While the trajectories that sampled high G conformations tend to move toward misfolded states and appear to be kinetically trapped, there is a correlation between an increased probability of correctly folded trajectories and the higher number of lower-G conformations sampled in the folding behavior of SARS-CoV-1 RBD. As shown in Figure 6a, applying force causes a shift in the conformational population from higher G regions to lower G regions. Since 100 trajectories can reach globular conformations (high Q) at the end of the simulation, it is clear that the trajectories sampled more lower-G conformations in the presence of force. These results suggest that applying force helps prevent the formation of high-G conformations, thereby avoiding kinetic trapping into misfolded states and assisting the folding process of SARS-CoV-1 RBD correctly toward the native state.

For SARS-CoV-2 RBD, introducing a quenched force into simulations results in 43% of trajectories remaining in unfolded conformations (Q~0.2) at the end of simulations (state 1, Figure 5b,d), indicating that the folding process is sensitive to external force. Of the 57 trajectories that reach globular conformations (Q > 0.8), 47 trajectories (47% of the total simulation trajectories) then follow the correct folding pathway to reach folded state 6, as shown in the folding pathway diagram (Figure 5d). Notably, misfolded state 2, which has the highest G and is observed in the refolding simulation with F = 0 (Figure 5a), does not appear in the SARS-CoV-2 log probability landscape in the presence of force (Figure 5b). The population of conformations in the high G region (G~0.15–0.2) is reduced and offset by an increase in conformations sampled in the low G region (G < 0.05) due to the applied force (Figure 6b). It is unclear whether the force restricted the sampling of conformations with high G, leading to misfolded states in SARS-CoV-2 RBD since the force also increased the sampling of unfolded conformations (in the unfolded trajectories).

4. Conclusions

Proteins refold slowly or inefficiently in vitro from denatured structures [52], suggesting that in vivo, translation elongation kinetics, trigger factor chaperones or post-translational quality controllers can affect the folding process of cellular proteins [29,38,53,54,55,56,57]. Here, using coarse-grained molecular dynamics simulations, we study the effect of a quenched force exerted through interactions with surrounding cellular molecules on the folding process of SARS-CoV-1 RBD and SARS-CoV-2 RBD, which contain non-covalent lasso entanglement motifs in their native structures.
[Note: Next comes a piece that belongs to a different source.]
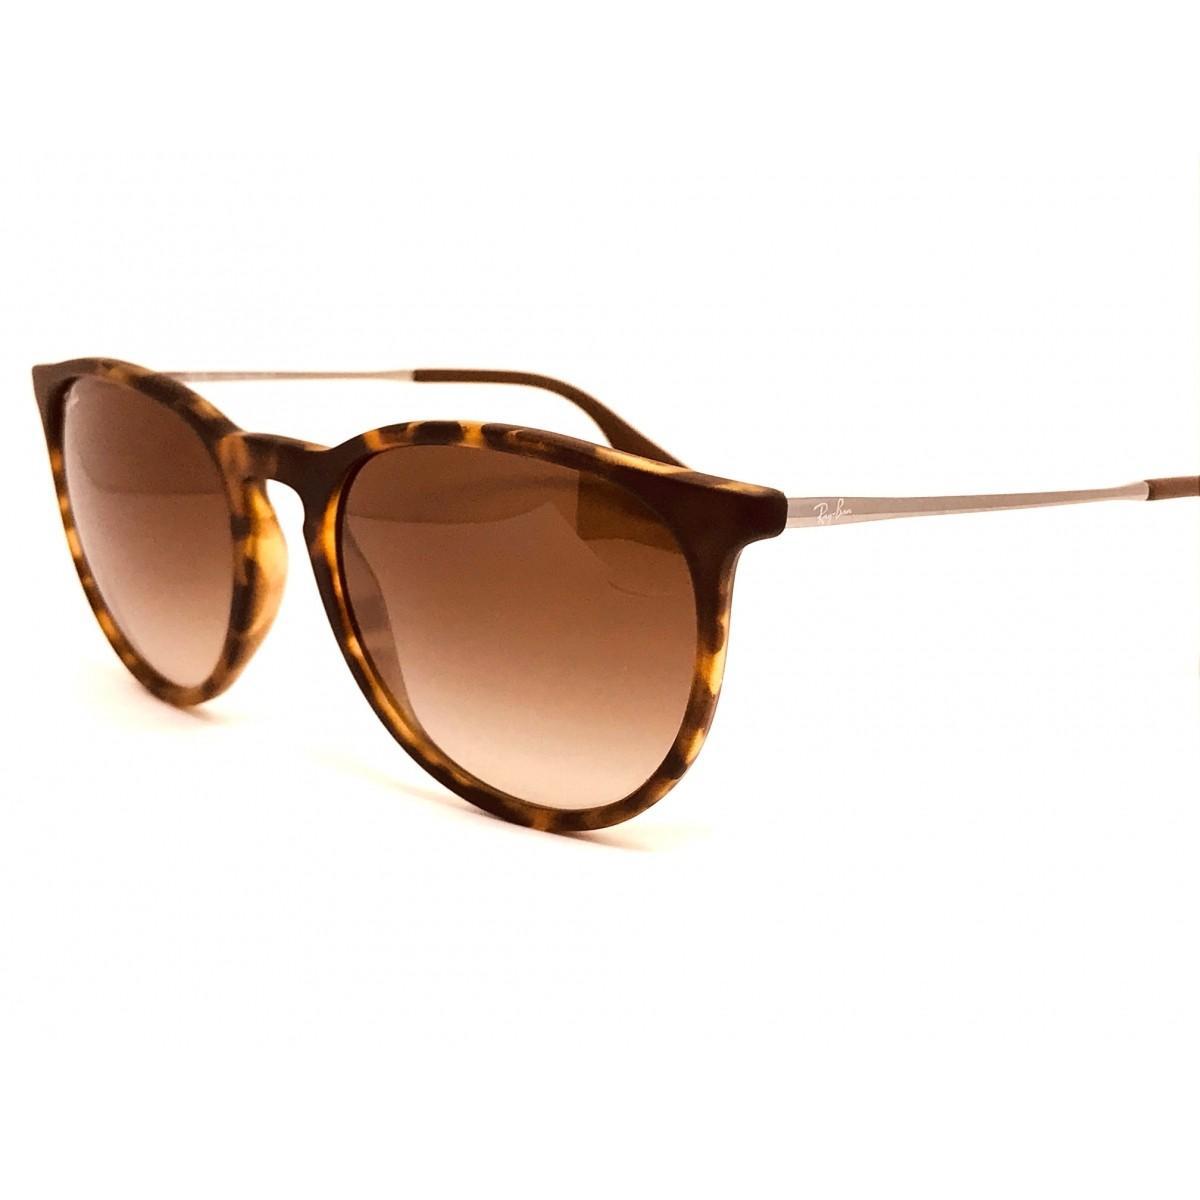 c1b633365 oculos de sol Ray Ban Erika RB 4171L 865/13 54 R$ 367,20 à vista. Adicionar  à sacola

The folding landscape of RBDs revealed that intermediates with changes in entanglement (compared to the native state) are popular in the folding pathways of both RBDs and tend to form misfolded states. The effect of external force is likely different for SARS-CoV-1 and SARS-CoV-2. Due to sensitivity to force, the folding time of SARS-CoV-2 increases significantly. In the presence of force, we hypothesize that force restricts the emergence of conformations to form contact with non-native entanglement while preventing the formation of native contacts at the same time. As a result, SARS-CoV-1 RBD sampled more conformations with less change in entanglement, and the population of sampled trajectories that follow pathways leading to correct folding was improved. Thus, the median folding time is comparable to the zero-force case. This supported one of the mechanisms by which chaperones facilitate folding by slowing down the folding process to avoid protein misfolding and aggregation [41,57,58].
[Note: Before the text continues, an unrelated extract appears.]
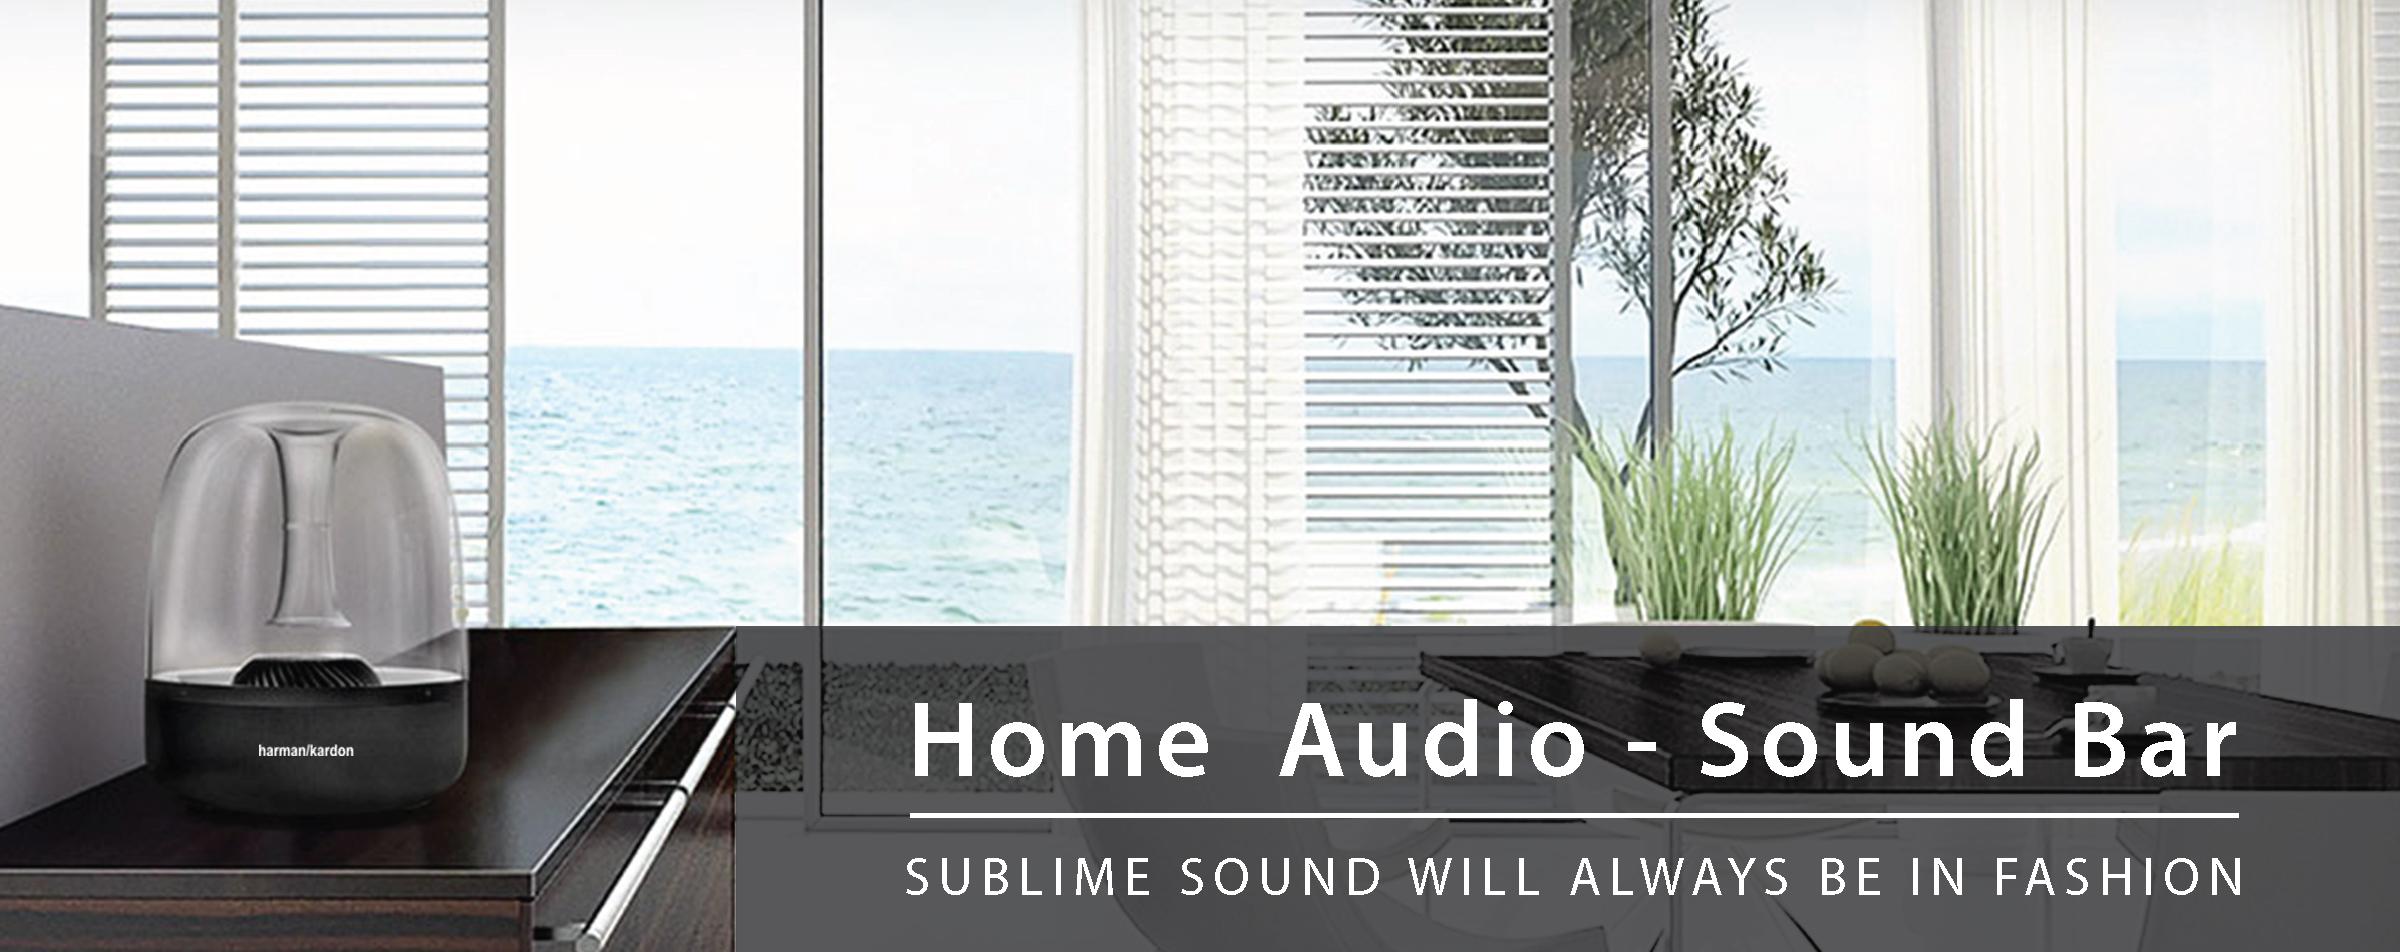 Home Audio - Sound Bar

Considering the change in entanglement of the protein structure during the folding process helps to discriminate the correct folded state from misfolded states, which are similar in structure to the native state but contain non-native entanglements. This is crucial for the determination of the folding kinetics of entangled proteins. The determination of the non-covalent lasso entanglement motif indicated that this entangled structure is common in the native state of proteins [59]. It will be interesting to explore whether the structural complexity of this class of protein, for example, deep or shallow entangled, correlates with the folding time.